Task is a Pydantic model — one portable, validated row of data:
FieldTypeDescription
envstrThe name of the environment it belongs to.
idstrThe task id registered on the environment.
argsdictBound arguments.
slugstr | NoneStable id for sync/filtering/registry.
columnsdict | NoneMetadata for filtering and leaderboards.
validationlist[dict] | NoneSync/platform metadata.
agent_configdict | NonePer-task agent overrides (e.g. {"max_steps": 50}). Applied during hosted execution.
The env on a task is a name, never a live object: it is the join key between the row and whatever placement can bring that environment up. Running a task never needs a live env in-process — the prompt and grade arrive over the wire from whatever substrate placement brought up.

Placement: where a task runs

Placement is decided at execution time with the runtime= parameter — a provider. A provider is called with the task row being placed and brings up one fresh substrate for it:
class Provider(Protocol):
    def __call__(self, task: Task, /) -> AbstractAsyncContextManager[Runtime]: ...
The contract is structural — a class holding real state (a platform session, an image cache, a warm pool) or a plain closure both qualify.
ProviderDescription
LocalRuntime(path)Serve the row’s env from a local .py source in a child process (the same serving path a container CMD runs). env= pins one explicitly.
DockerRuntime(image)docker run a fresh container per rollout from an image whose CMD serves the control channel (the scaffolded Dockerfile.hud). port= (default 8765) is the in-container port; run_args= passes extra docker run flags.

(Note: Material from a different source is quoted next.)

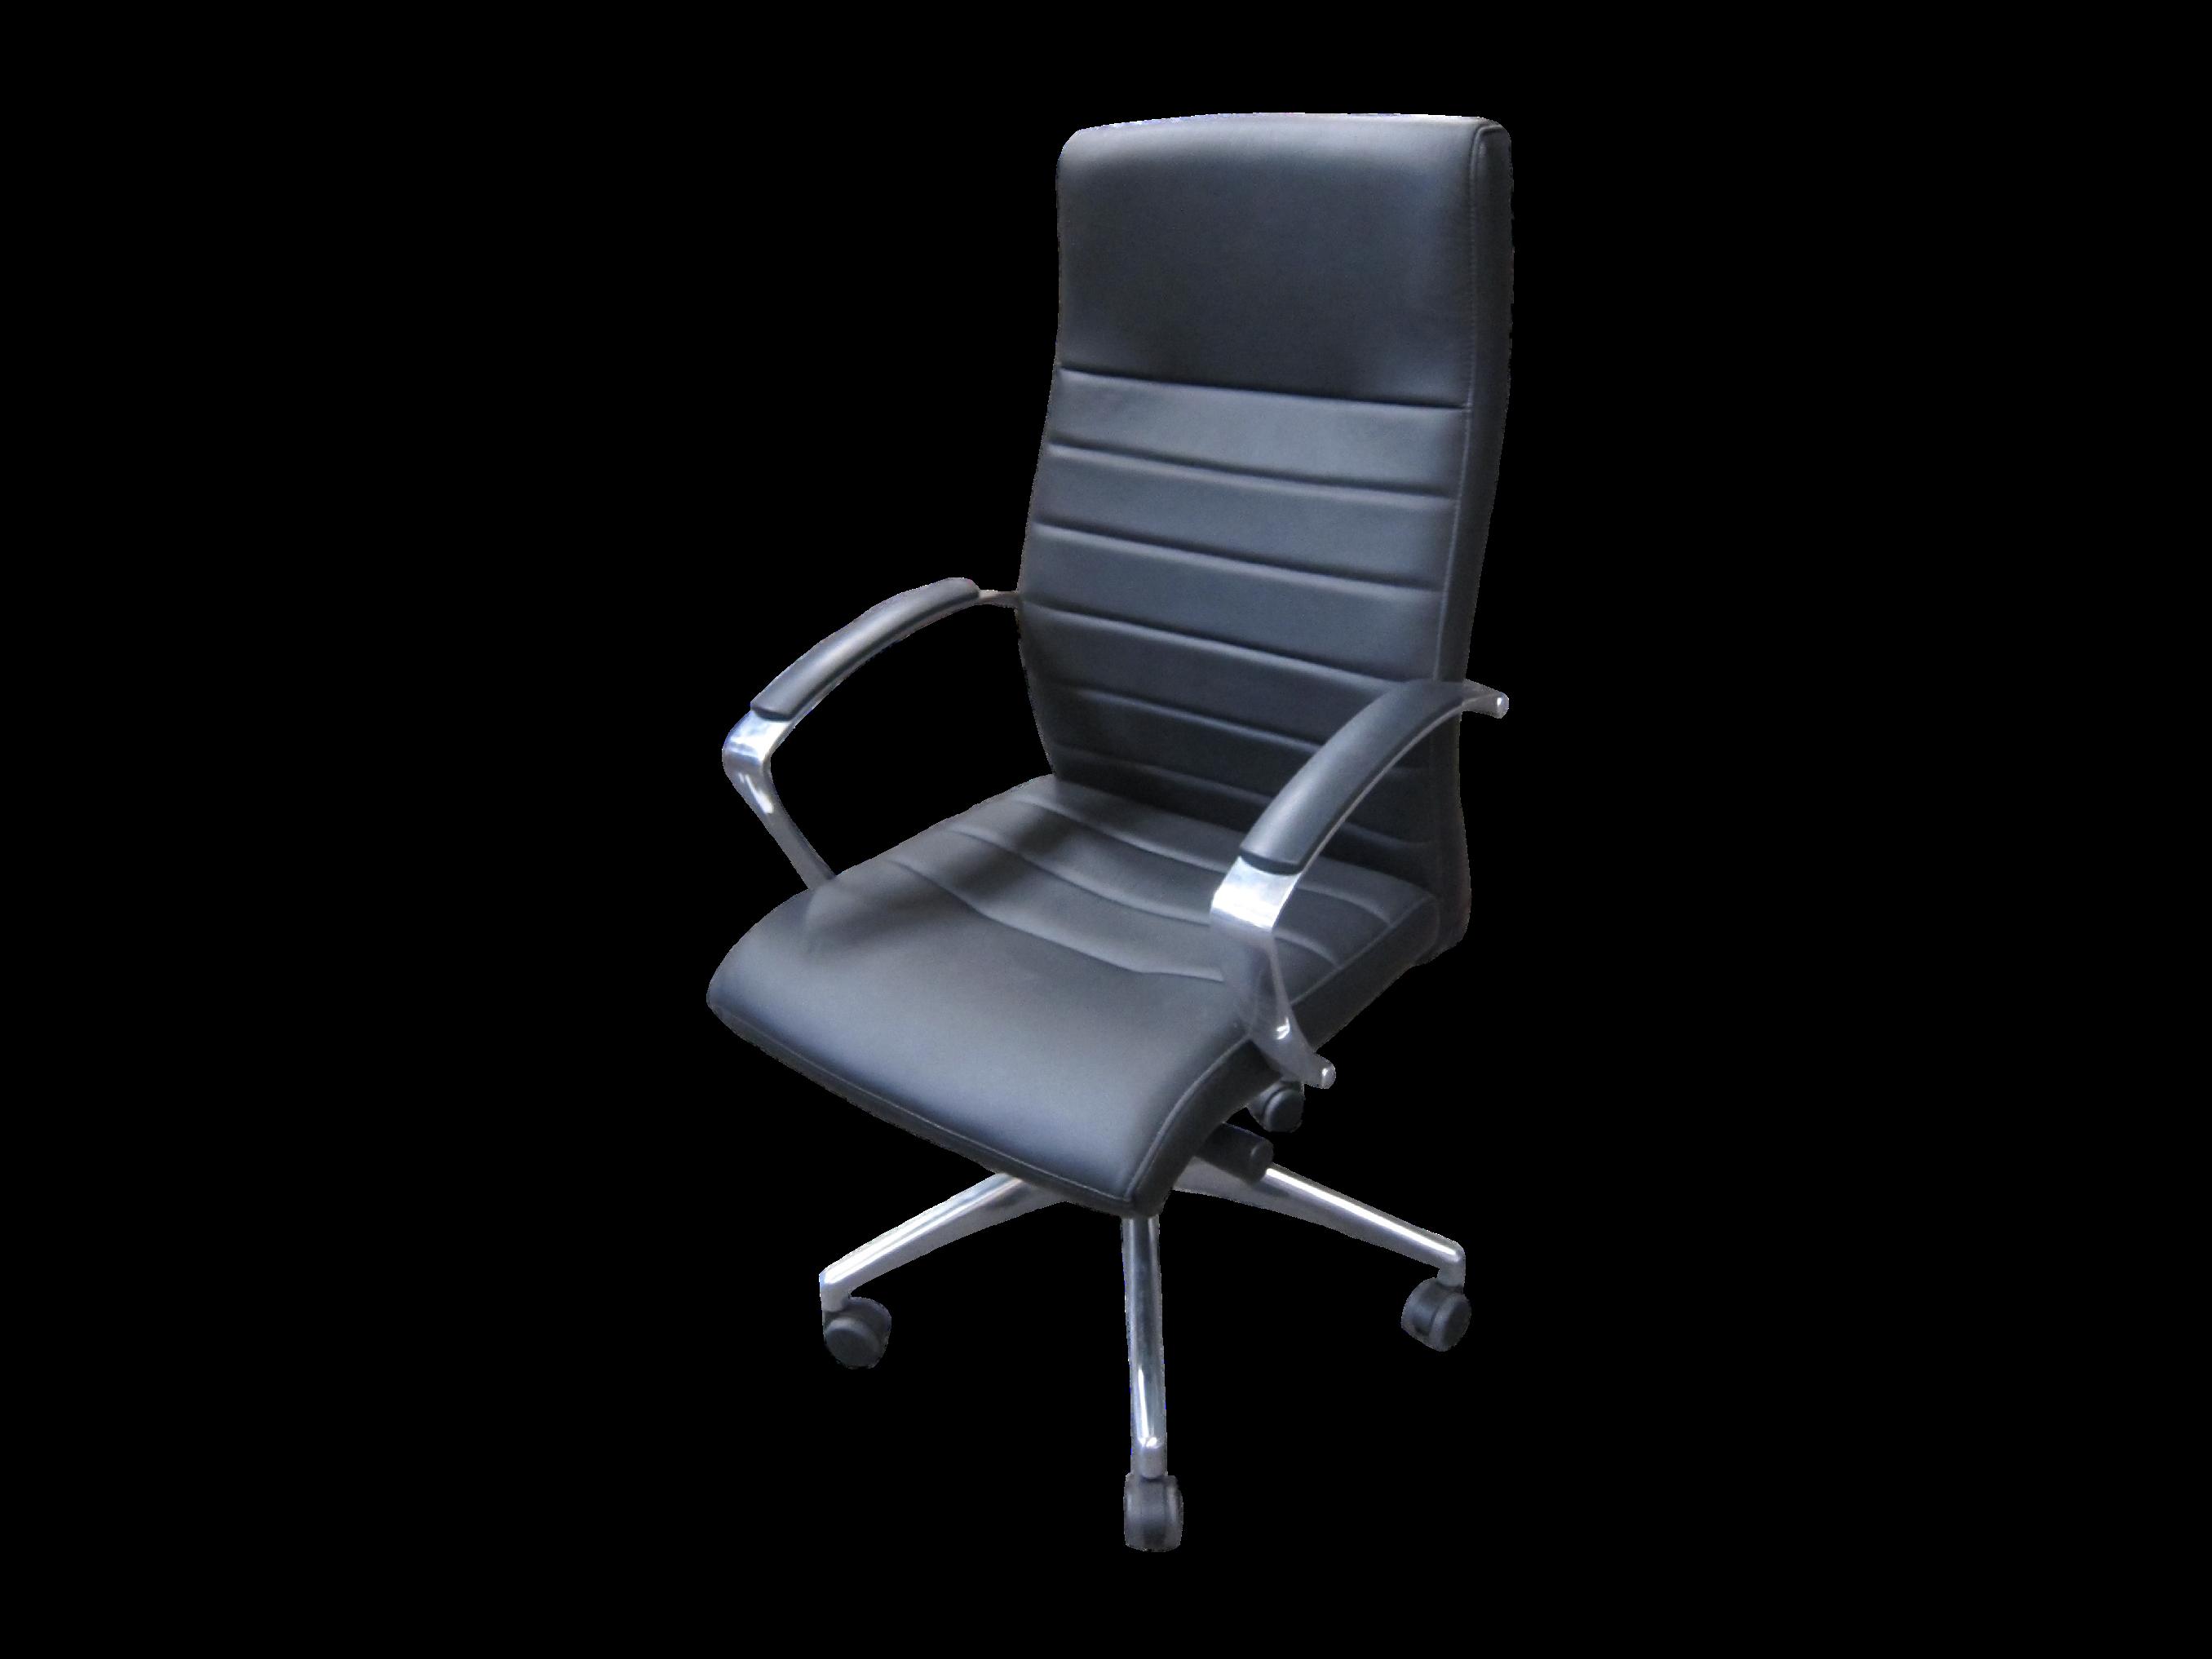 fauteuil de direction brevidex mod le d 39 exposition. Black Bedroom Furniture Sets. Home Design Ideas

The control port is the only one published.
Runtime(url)Attach to an already-served control channel (provisioned elsewhere; no lifecycle).
HUDRuntime()Lease the environment on HUD infra but keep the agent loop local; the SDK opens a tunnel and drives the remote control channel through a local Runtime (the default when runtime= is omitted).
HostedRuntime()Submit the whole rollout to the HUD platform so the agent runs remotely next to the env.
from hud import DockerRuntime, HUDRuntime, HostedRuntime, LocalRuntime, Runtime

job = await task.run(agent, runtime=LocalRuntime("env.py"))          # local subprocess
job = await task.run(agent, runtime=DockerRuntime("my-env:latest"))  # fresh container
job = await task.run(agent, runtime=Runtime("tcp://host:8765"))  # already served
job = await task.run(agent, runtime=HUDRuntime())  # local agent, cloud env
job = await task.run(agent, runtime=HostedRuntime())  # remote agent + cloud env
Because the provider sees the row, placement can vary per task — heavier substrates for heavier rows, no engine involvement:
def placer(task):
    gpus = 4 if task.args.get("big_model") else 1
    return my_cloud(image=f"hud/{task.env}", gpus=gpus)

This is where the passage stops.